§ **TASK DETAILS**: Nothing but text lines should be duplicated: start with the first line of the listing below and stop after the line holding "Beide sind insgesamt in sehr gutem", omitting pictures.

§ **PROVIDED MATERIAL**:
━━━━━━━━

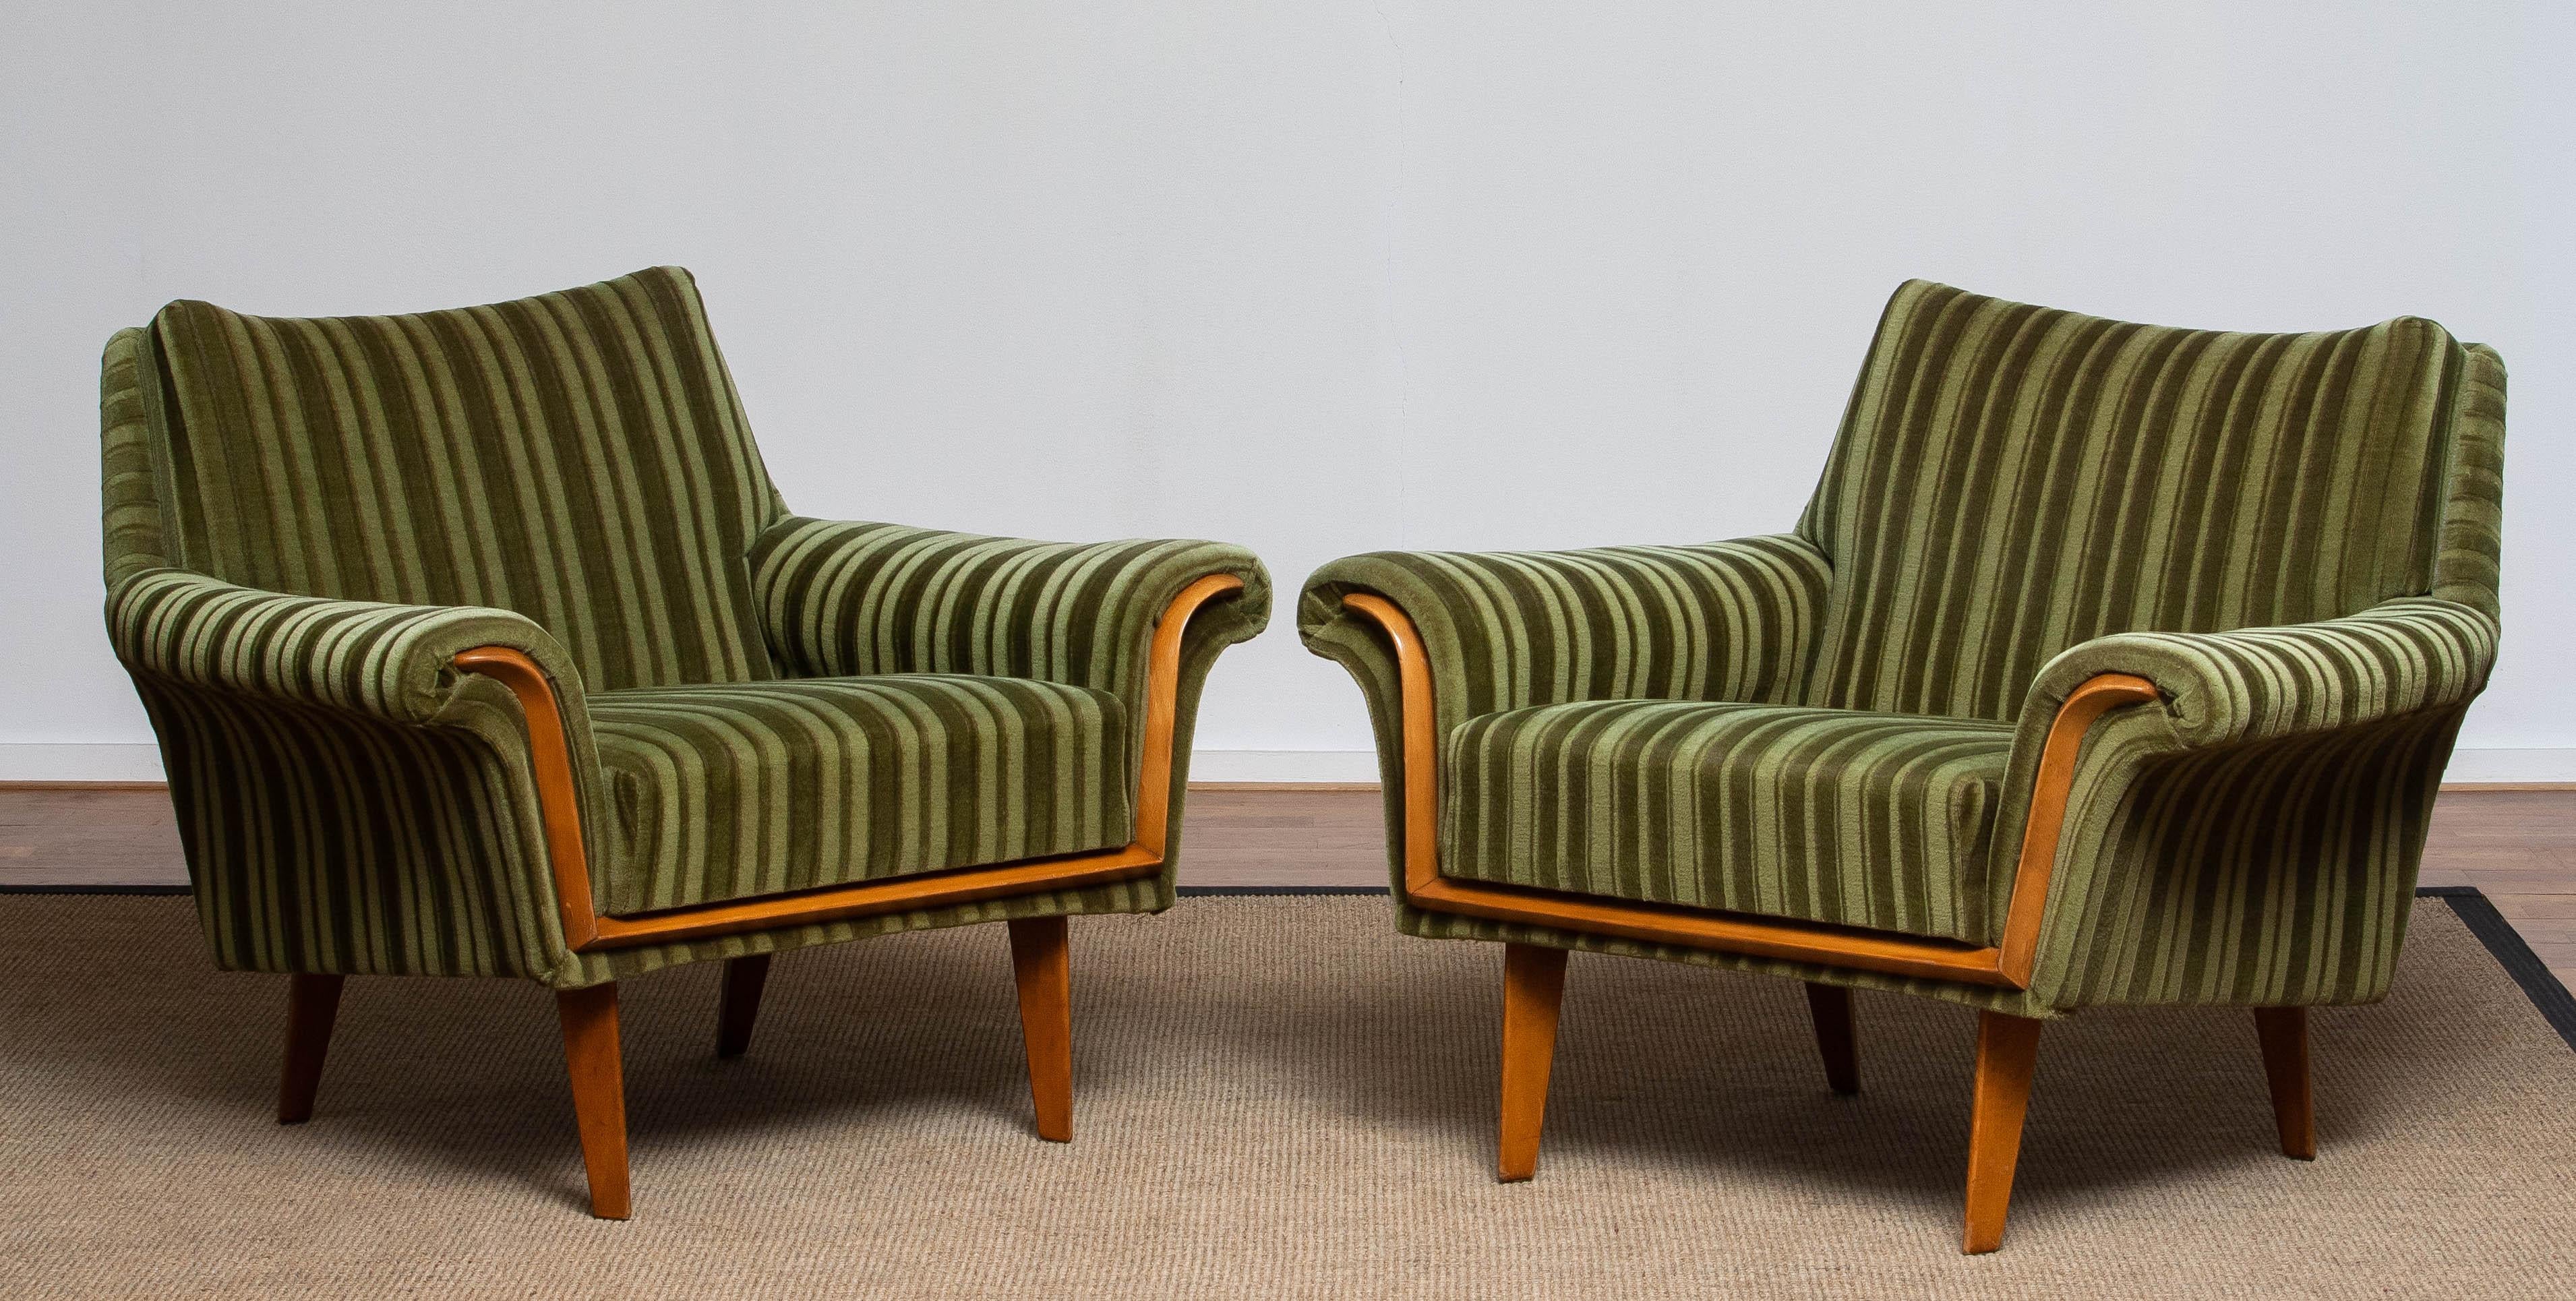 Absolut atemberaubende Satz von zwei Lounge / Sessel / Club Sessel aus den 1950er Jahren in Italien gemacht stil gepolstert mit dem ursprünglichen grünen Samt / Velours Stoff. Stützt gut und sitzt sehr bequem.
Beide sind insgesamt in sehr gutem
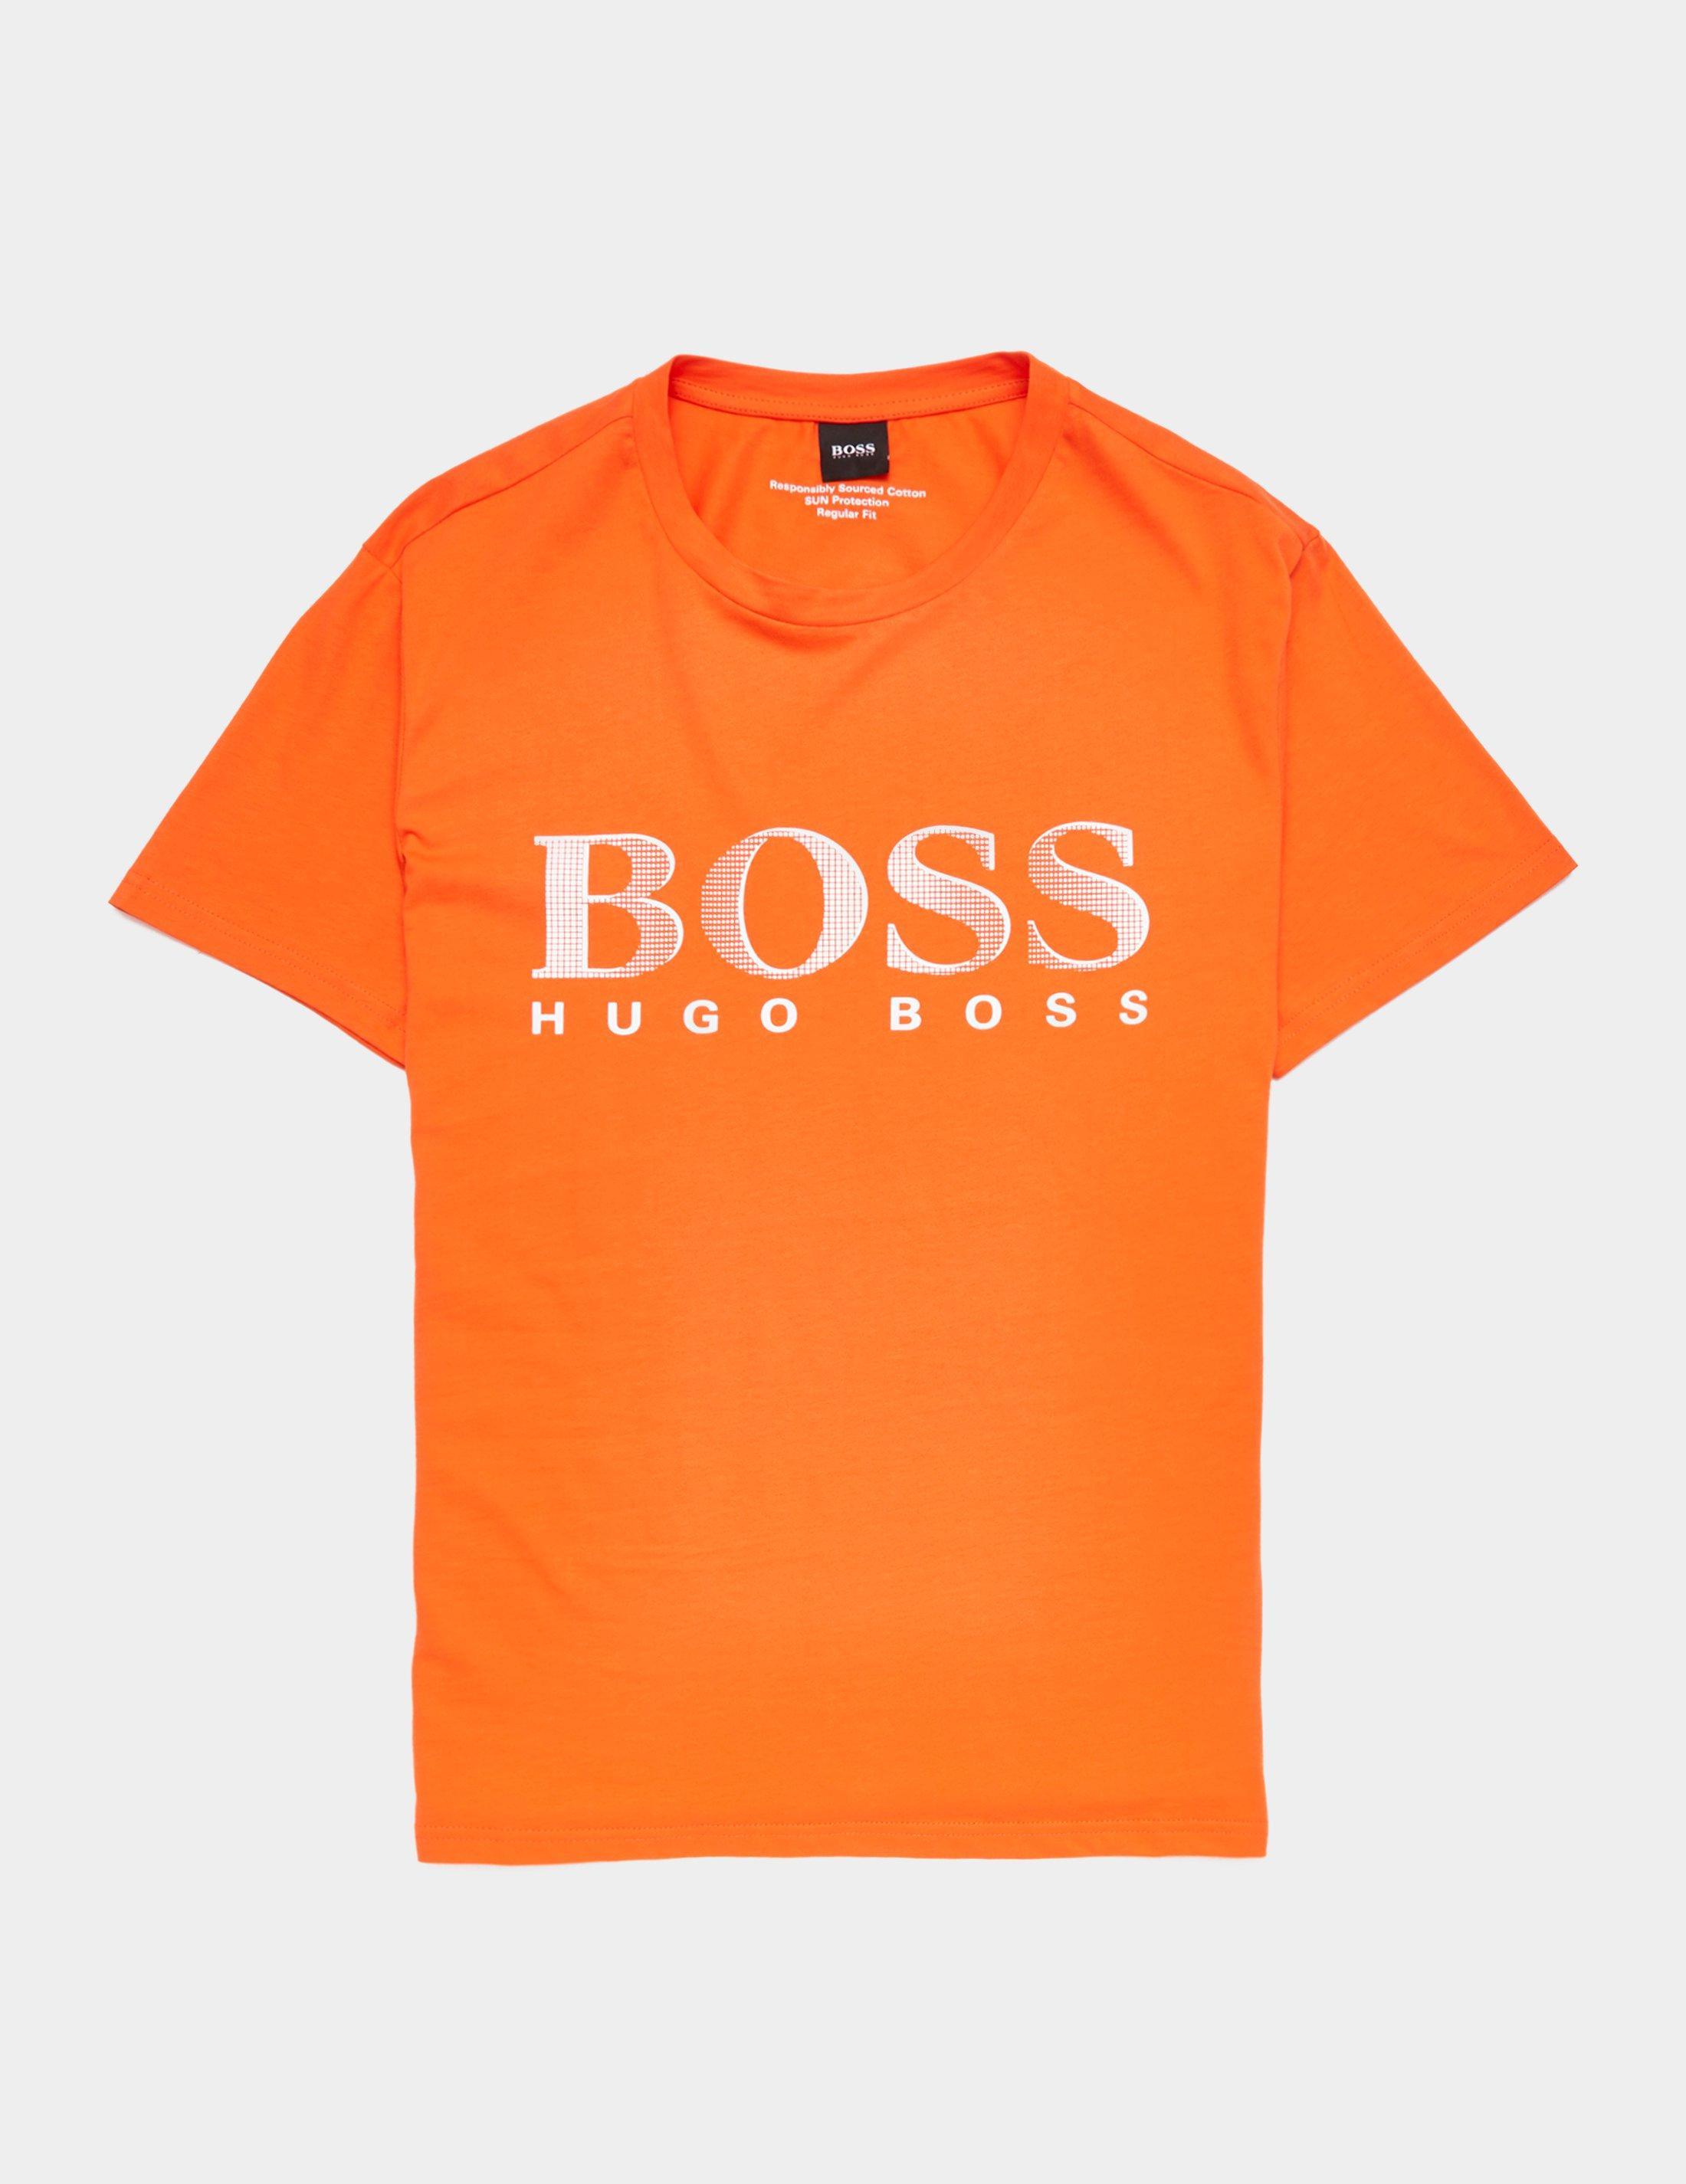 BOSS by HUGO BOSS Swim Short Sleeve T-shirt Orange for Men - Lyst

━━━━━━━━

§ **SOLUTION FOR THIS PROBLEM**:
 Absolut atemberaubende Satz von zwei Lounge / Sessel / Club Sessel aus den 1950er Jahren in Italien gemacht stil gepolstert mit dem ursprünglichen grünen Samt / Velours Stoff. Stützt gut und sitzt sehr bequem.
Beide sind insgesamt in sehr gutem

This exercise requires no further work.